I have no idea what you just said. Given that we're talking about type checking in python, care to give an example of a weakness of type checking in python?


We're even, because I don't know about what "weakness" you're talking and why the heck you're bringing Python into abstract discussion on static typing.

Basically, my parent said that static typing can express many things that testing (which is not static, because it runs the code) can. This is true, but there are things you can't express in any of the commonly used[1] static type systems and I just gave an example of such thing.

Other than this there's nothing wrong with static typing in general and I'd be happy if Python got some kind of (optional) static type system, maybe in the vein of Typed Clojure and Typed Racket or Erlang's Dialyzer.

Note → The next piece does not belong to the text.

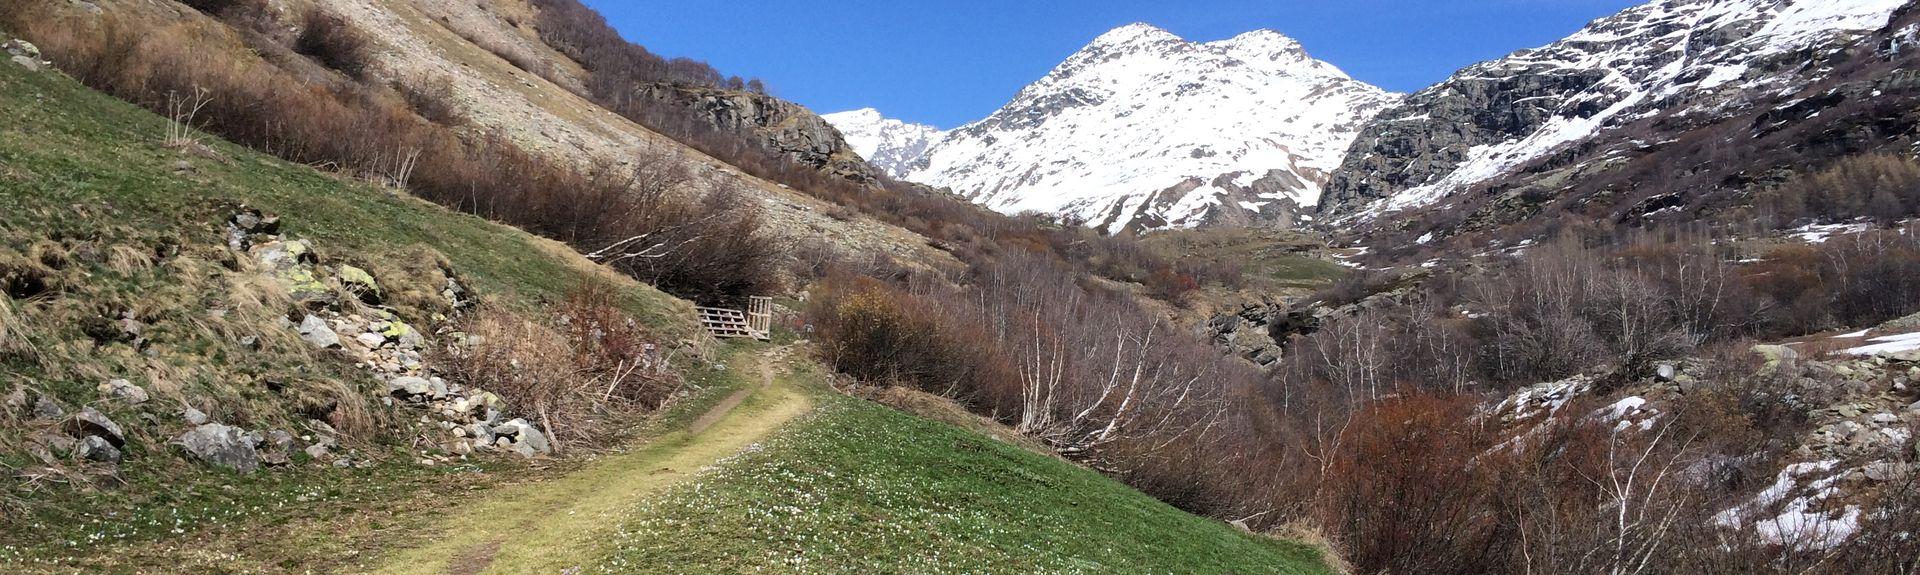 Le Laisinant, Val-d'Isère, Auvergne Rhône-Alpes, Frankrijk

Still, static type systems are not silver bullets and have their drawbacks - and that's all I wanted to convey in my comment.

Edit: [1] the type system feature which would let you encode the example contract I posted is called "dependent typing" and is available only in a very few languages.


Pycontracts does that.

Racket is more powerful, but that is a bad example.


This is an example of a thing you can't encode in (most) static type systems, not something that can't be done in Python! On the contrary, it is very much possible to do in Python thanks to its dynamicity...

I really don't understand what's going on in this thread; I'm stating an obvious fact that you can't encode things like "is even" in a static type systems without dependent types and that this is a drawback of such systems and I get downvoted. I never complained about my downvotes before, but this time I seriously don't understand what's happening. Did I fail that miserably in an effort to explain my position, or is this position controversial?

For the record, I replied to this:

> [dynamic in nature] Tests are not the only way to ensure correctness (and they aren't even the only thing you should use, even when they’re mandated by policy) – did you consider using strong [static?] types encoding exactly the assumptions you spot-check with tests?

With an example of dynamic test (a contract) which you'd have a problem expressing in any but the most advanced type systems.

Did claudius mean strong, but dynamic typing and I misunderstood? But then there is no difference at all between ensuring something in unit tests and in a type system as they are both executed at runtime.

I honestly have no idea and I really would like to know which part of what I wrote deserved downvotes to avoid writing such things in the future if for no other reason.


There are some people around here that think a downvote is the appropriate answer to a post they disagree with, what's very unfortunate.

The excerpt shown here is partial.